How to use Arrow flight to read data from distributed Dremio cluster

We are trying to create a Python client to execute a SQL query and read the result from Dremio cluster. We were able to fetch the desired result successfully from a single endpoint.

We referred the Python client program from this Git repo:

However we need some insight on how to read the data from multiple Endpoints i.e. Non-Distributed Client + Distributed Server scenario.

Could you please share some details on the same.


I am not able to follow your question, even though Dremio is distributed, you always hit the coordinator

As in this client example which you shared, line 117 [ ],

reader = client.do_get(flight_info.endpoints[0].ticket)

we are reading the test result from one endpoint.

I was referring the scenario : Message Flow: Non-Distributed Client + Distributed Server [ ]

If the data is available at multiple endpoints, do we need to iterate through all the “flight_info.endpoints” and get the tickets and and fetch the result using each ticket? And if so, then how do we do that, any reference for that scenario would be helpful.

Could you please provide an update on this.

@anupam When you referred to “multiple endpoints”, did you mean the Dremio cluster has multiple coordinators? Could you briefly describe what your Dremio cluster setup is like? Thank you.

Our Dremio cluster has only a single coordinator.

In my current use case, the Python client is reading the query result from a single endpoint which is returned by the FlightInfo object. This is working fine.

However I want to explore the scenario described in this section --> Message Flow: Non-Distributed Client + Distributed Server [ ].
As per the description, the FlightInfo object returns multiple Endpoint locations and their respective tickets.

So in context of this scenario,

  • does the client connect to multiple endpoint locations using the respective ticket?
  • should the client take care of reading the streams in parallel from each location?
  • Or should the client only talk to coordinator and read the stream from one endpoint?

In the scenario where there are multiple coordinators, you do not need to iterate through all the endpoints. If the query is executed on a coordinator different from the one that generated the query plan, the query plan will be generated again before the query is executed. This incurs double query planning work but does not prevent the query from being executed.

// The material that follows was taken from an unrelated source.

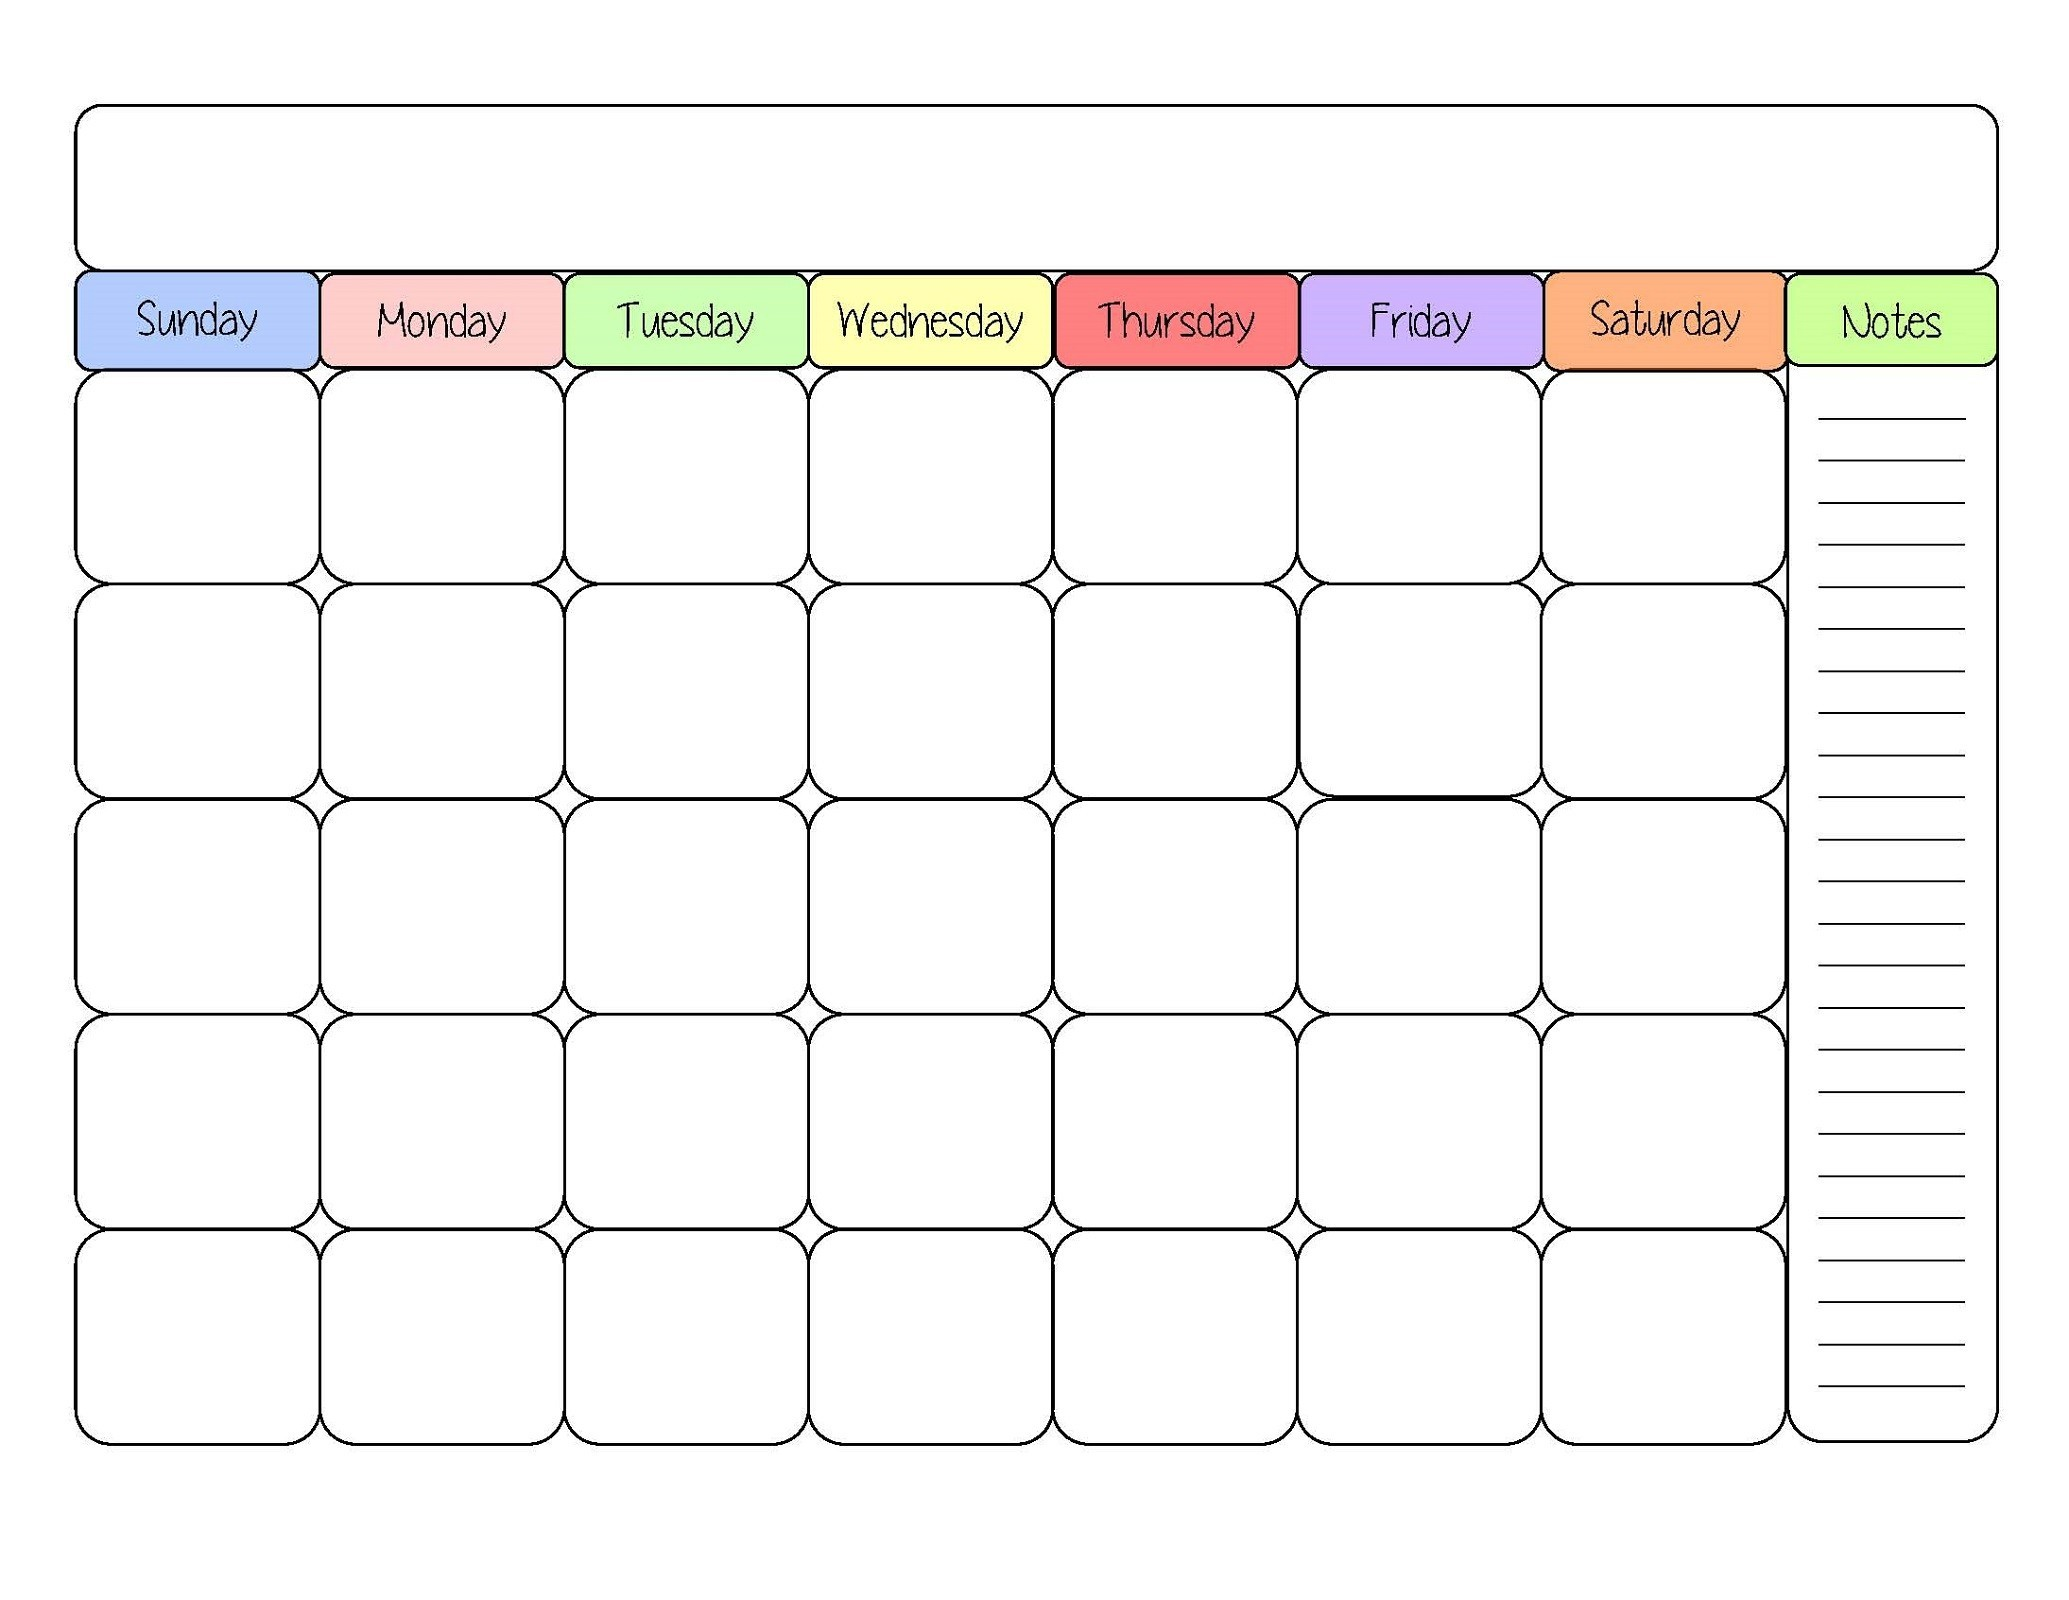 Calendario Imprimir Vertex Más Reciente Best Printable Calendar Templates Of Calendario Imprimir Vertex Más Recientes Printable Blank Run Charts Architecture Modern Idea •

To prevent incurring double query planning work, we recommend session affinity to be set to true when Dremio is deployed with Kubernetes with multiple coordinators. Such that all the TCP connections from a particular client IP will be routed to a specific Dremio coordinator. This is to prevent the query plan to be generated twice. You can refer to the recommendation written in dremio-cloud-tools Github repository: Hope this helps.

Thanks for your response.
So the client will always connect to a single coordinator and will read the result from that coordinator end point.
Does that mean

  • The client will always read the streams sequentially from the coordinator end point OR
  • The flight can be internally composed of parallel streams OR
  • The client can read the streams in parallel; if so then how

We have not implemented stream parallelization in Dremio’s Flight Server Endpoint yet, we plan to add this feature in the future though.

It seems there is some confusion here.
What I understood from your comment is that, we can’t read the streams in parallel from one single end point, this part is clear.

But I was asking for reading the result streams in parallel from different executor locations by the Python client application as depicted in the attached screenshot. Please confirm if this scenario is supported today and if so, I would like to get some additional reference or a sample client program.